Demultiplex

Demultiplexed output #

Demultiplex is a ‘magic’ transformation that forks the output.

You receive one set of output files per barcode (combination) defined.

Transformations downstream are (virtually) duplicated, so you can for example filter to the head reads in each barcode, and get reports for both: all reads and each separate barcode.

Demultiplexing can be done on barcodes, or on boolean tags, and can happen multiple times.

Based on barcodes #

[[step]]
    action = "Demultiplex"
    in_label = "mytag"
    barcodes = "mybarcodes"
    output_unmatched  = true # if set, write reads not matching any barcode
                             #  to a file like ouput_prefix_no-barcode_1.fq

[barcodes.mybarcodes] # can be before and after.
# separate multiple regions with a _
# a Mapping of barcode -> output name.
AAAAAA_CCCCCC = "sample-1" # output files are named prefix{ix_separator}barcode_prefix{ix_separator}segment.suffix
                           # with the separator defaulting to '_', e.g. output_sample-1_1.fq.gz
                           # or output_sample-1_report.fq.gz

Based on boolean tags #

[[step]]
    segment = "read1"
    action = "TagOtherFileByName"
    out_label = "a_bool_tag"
    filename = "path/to/boolean_tags.tsv"
    false_positive_rate = 0

[[step]]
    action = "Demultiplex"
    in_label = "a_bool_tag"
    # output_unmatched = is not valid for boolean tags

Note that this example does not extract the barcodes from the read (use an extract step, such as ExtractRegion).

Nor does it append the barcodes to the read name, (use StoreTagInComment for that) or remove the sequence from the reads (combine with CutStart / CutEnd or perhaps TrimAtTag.

Notes:

  • Query barcodes may use IUPAC codes.
  • IUPAC barcodes must be non-overlapping ( and this is enforced).
  • Within one demultiplex step barcode must be of equal length.
  • You can define multiple barcodes to go into the same output file.
  • Multiple demultiplex steps per configuration are valid - you’ll receive their product in terms of output files.
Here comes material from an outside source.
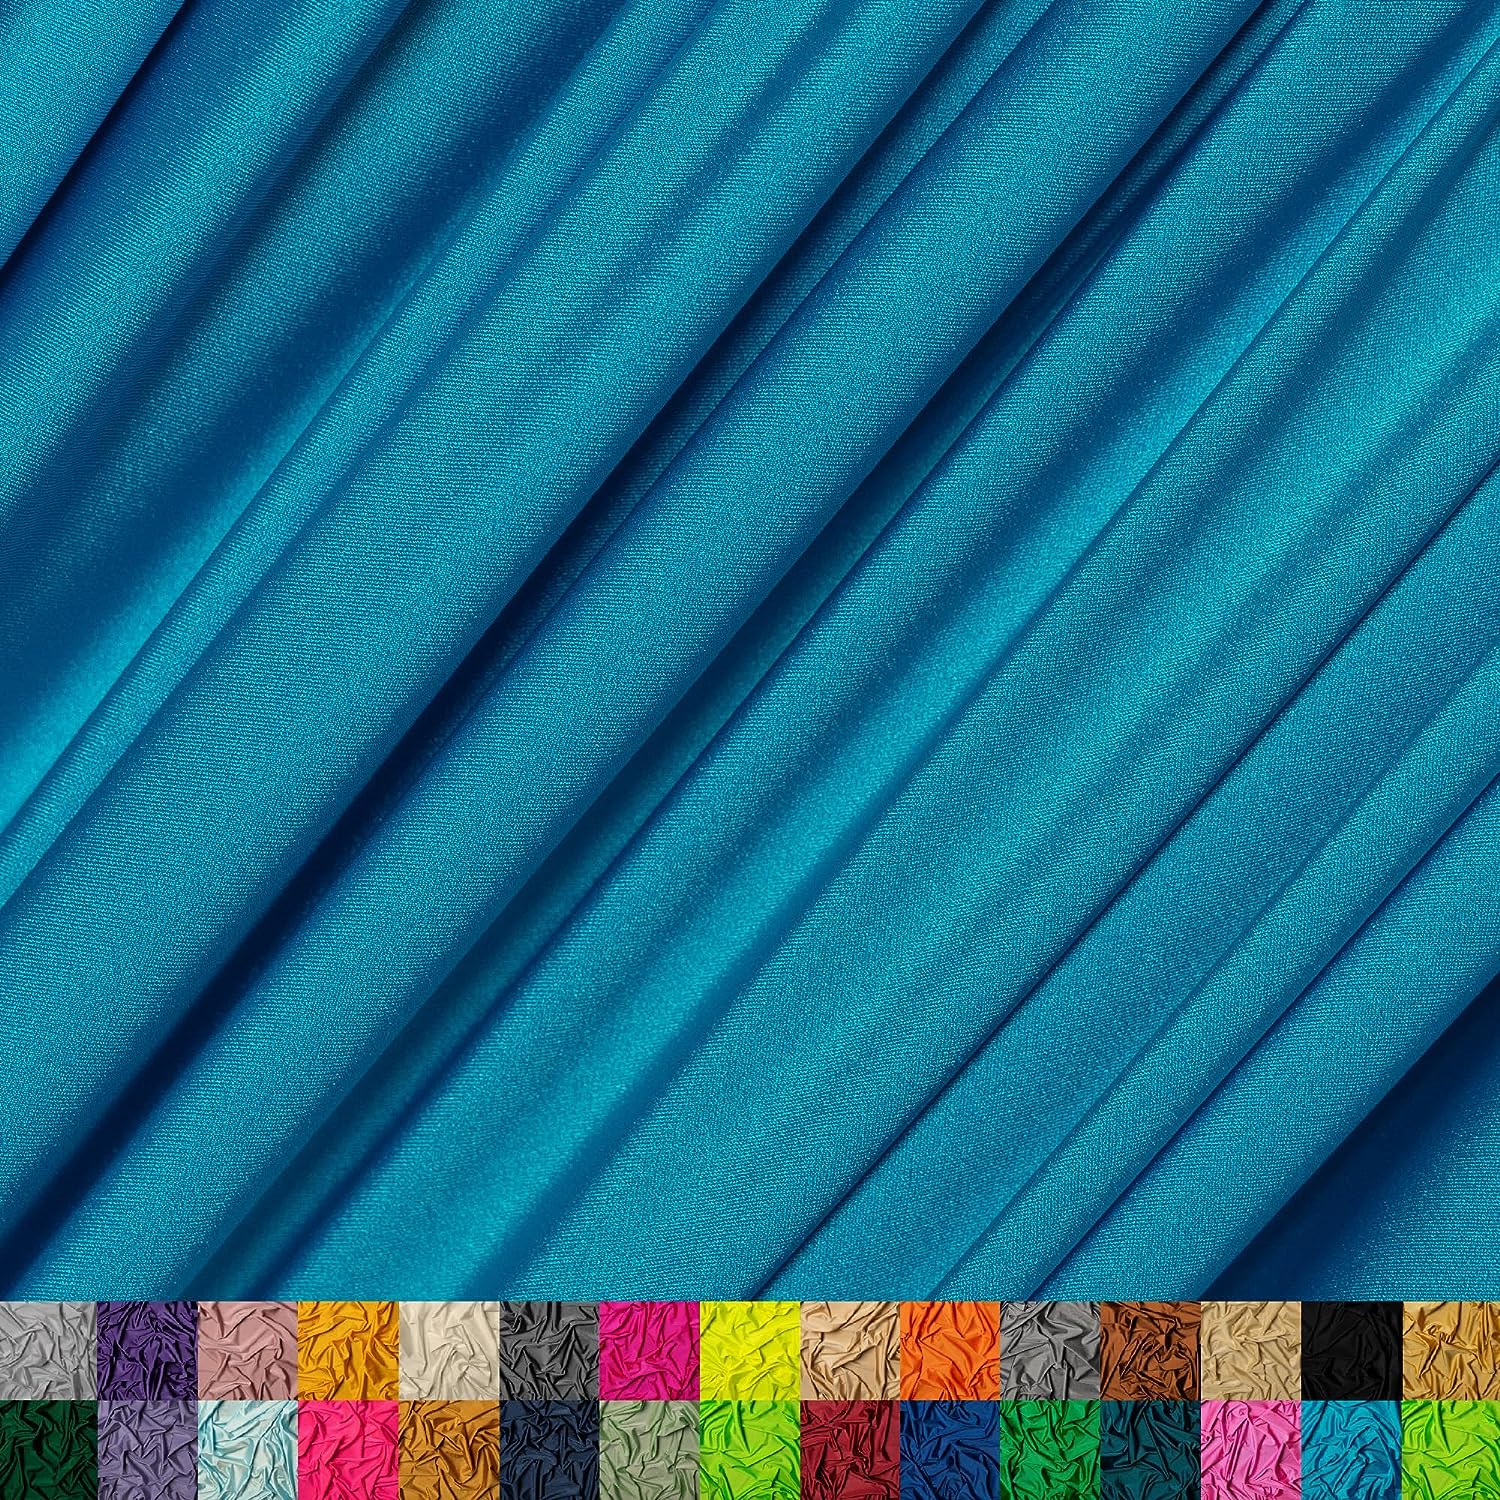 Nylon Spandex Fabric by The Yard - 60 Wide Spandex Swimwear Fabric - 4 Way  Stretch Fabric for Active Wear, Yoga Pants, Table Cloth - Swimsuit Fabric

There’s a hard limit on the barcodes needing 64 bits, but you’ll reach a limit on your patience for the compute to build all the output file names much before that.
  • A demultiplex step matching zero barcodes (across all reads) will issue an error.

Hamming Distance matching #

Correcting a tag for hamming distance is a separate step. See HammingCorrect.